Abstract
Three-dimensional transesophageal echocardiography is much better diagnostic tool to conclusively recognize the identification of the anatomy and the abnormalities of the heart valves. In this case report, we tried to emphasize the importance of 3-dimensional transesophageal echocardiography to describe the lesion in the case of infective endocarditis developing on bicuspid aortic valve in a 21-year-old male patient without any cardiovascular disease history, which admitted to hospital with complaint of dyspnea and fever.
Keywords :
Bicuspid aortic valve
, Infective endocarditis
, 3D trasesophageal echocardiography
Turkish Abstract
Kalp kapaklarının anatomisinin ve anomalilerinin belirlenmesi için kullanılan üç boyutlu transözefagiyal ekokardiyografi, diğer görüntüleme tekniği olan transtorasik ekokardiografiden daha üstün bir tanı aracıdır. Bu yazımızda daha öncesinde herhangi bir kardiovasküler hastalık öyküsü olmayan, dispne ve yüksek ateş ile hastanemize başvuran 21 yaşındaki erkek hastada biküspit aort kapak zemininde gelişen infektif endokardit tanısının konmasında üç boyutlu transözefagiyal ekokardiyografinin önemini vurgulamaya çalıştık.
Turkish Keywords :
, Biküspid aort kapak
, İnfektif endokardit
, 3B transözefagiyal ekokardiyografi
Introduction
The bicuspid aortic valve (BAV) is a common congenital cardiac anomaly. The BAV may function normally throughout life, and usually unobserved until valve stenosis or regurgitation appears 1. Furthermore, the BAV is a potential substrate for infective endocarditis (IE), especially in young male patients. The risk of developing IE on a BAV is 10-30% over a lifetime 1. Staphylococci (12% coagulase negative) 2 and viridans streptococci accounted for nearly three-quarters of the cases of IE affecting BAVs 3. Most patients necessitate surgery, frequently on a emergency basis. Rather than transthoracic echocardiography (TTE), transesophageal echocardiography (TEE) plays a critical role in diagnosis and addressing the patient to cardiac surgery 4. In this case report, we tried to emphasize the importance of 3-dimensional TEE to describe the lesion in the case of infective endocarditis developing on bicuspid aortic valve.
Case Report
A 21-year-old male patient without any history of cardiovascular disease was admitted to our hospital for dyspnea and fever (?39°C). He had moderate dyspnea (New York Heart Association functional class III). On his physical examination, orthopnea, tachycardia (118/min), roughed lung sounds, and aortic 2-3/4 diastolic murmur were present. We suspected IE with the present findings. Blood and urine cultures were obtained, and then wide-spectrum antibiotherapy was started. TTE examination revealed a severe aortic regurgitation, bicuspid aortic valve with suspected vegetation. In addition to elucidate the findings of 2D TTE, 3D TEE was performed and provided additional information. To clarify this pathology, 3D-TEE was carried out and precisely delineated the lesion by showing a major perforation in the anterior aortic cusp of the BAV. Patient underwent then aortic valve replacement. Intraoperative examination of the aortic valve confirmed the findings of the 3D TEE. (Figure 1A-D)
Discussion
The 3D spatial structure of normal aortic valve is more intricate than known. With the initiation of 3D TEE, a more reliable assessment (superior spatial resolution) of aortic valve can be provided with a good quality than that obtained by 2D TEE alone 5,6. Nonetheless, in the assessment of aortic valve endocarditis, 3D TEE provides invaluable morphological information regarding the define the size, shape, mobility and insertion of vegetation, the extent of leaflet involvement (aneurysms, perforations), annulus and surrounding structures in comparison with 2D TEE 7.
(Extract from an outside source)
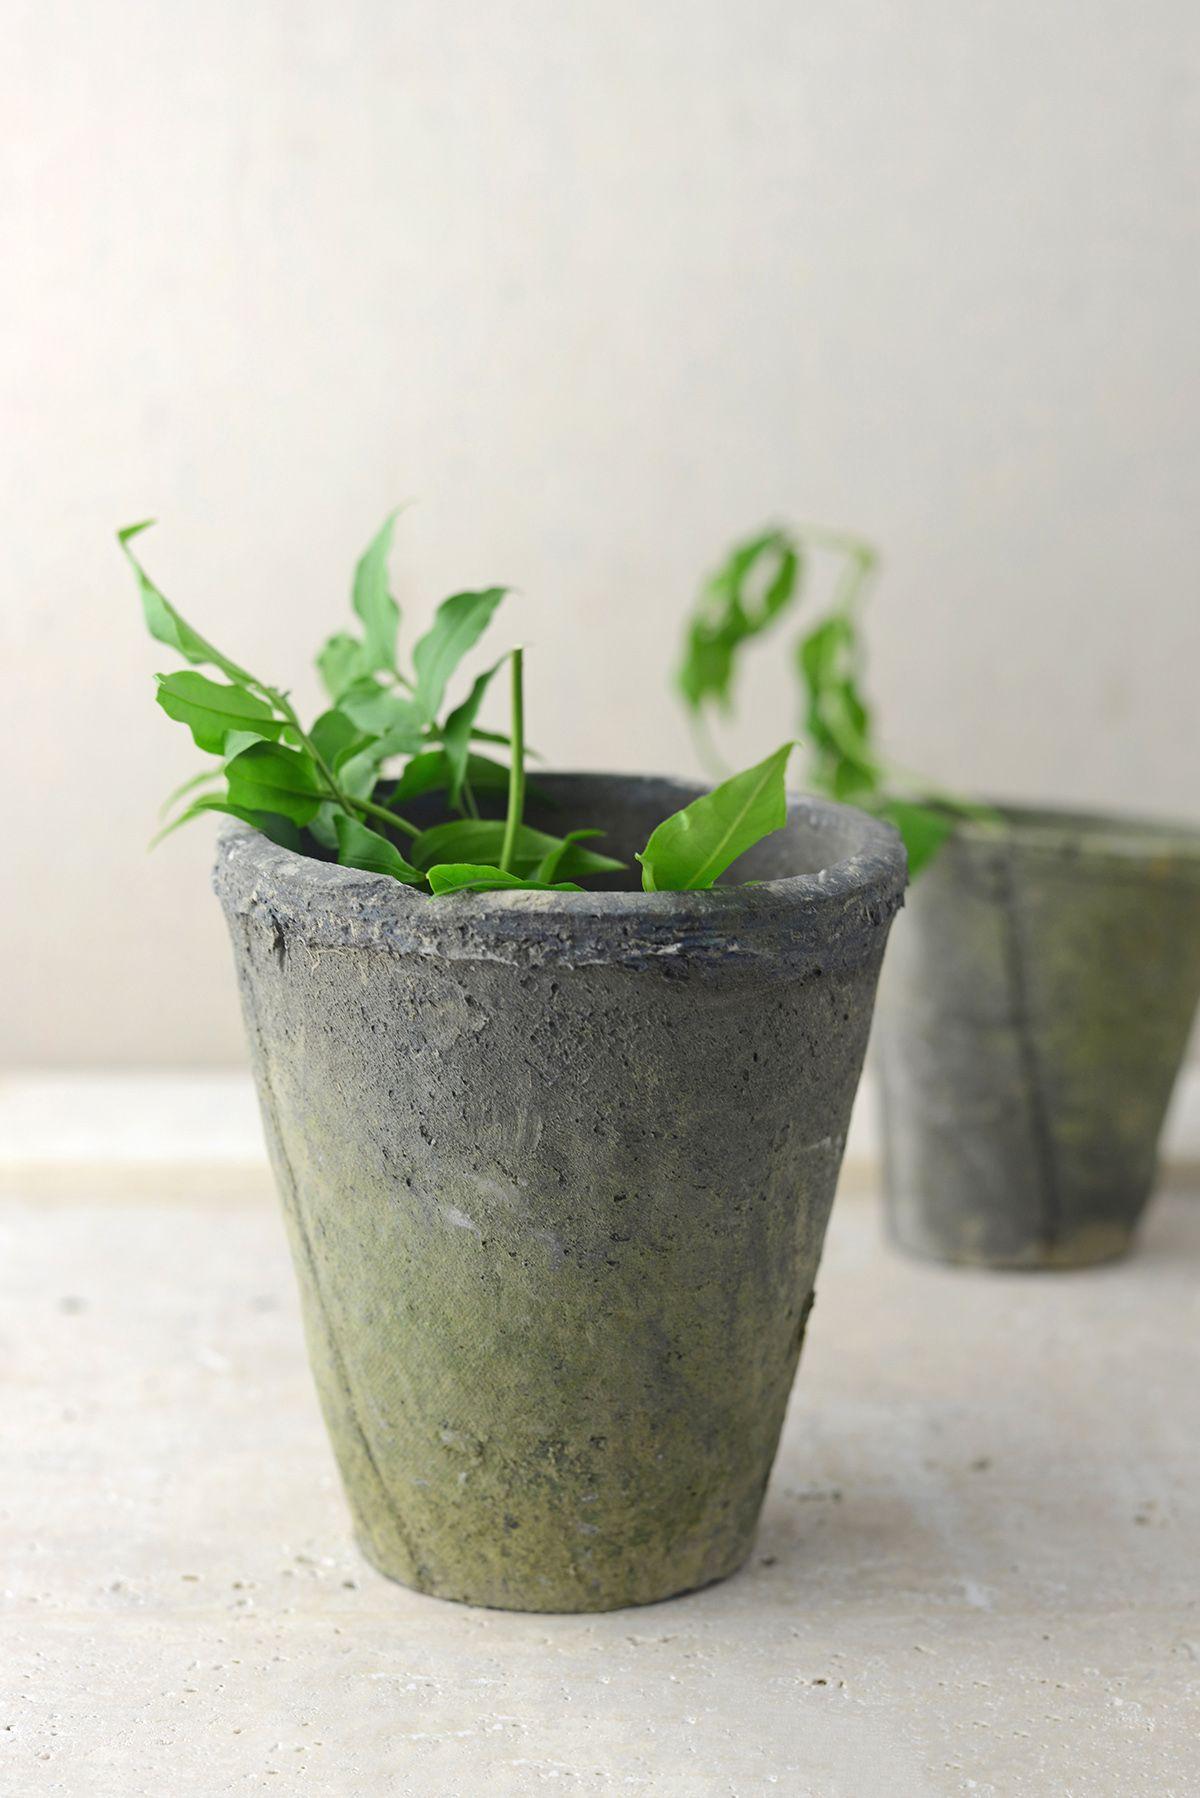 Homespun Cement Pot 5 3 4 Inch Cement Pots Flower Pots Cement Flower Pots

Although 2D TTE and TEE are the conventional procedures for the diagnosis of valvular heart disease, 3D TEE is a better noninvasive tool to define more accurately the intracardiac anatomy. In our case, the images that we obtained with the use of 3D TEE helped us to conclusively recognize the identification of perforation on BAV. In conclusion, 3D TEE should be the method of choice when a definite diagnosis can not be made by 2D TTE or TEE in case of infective endocarditis.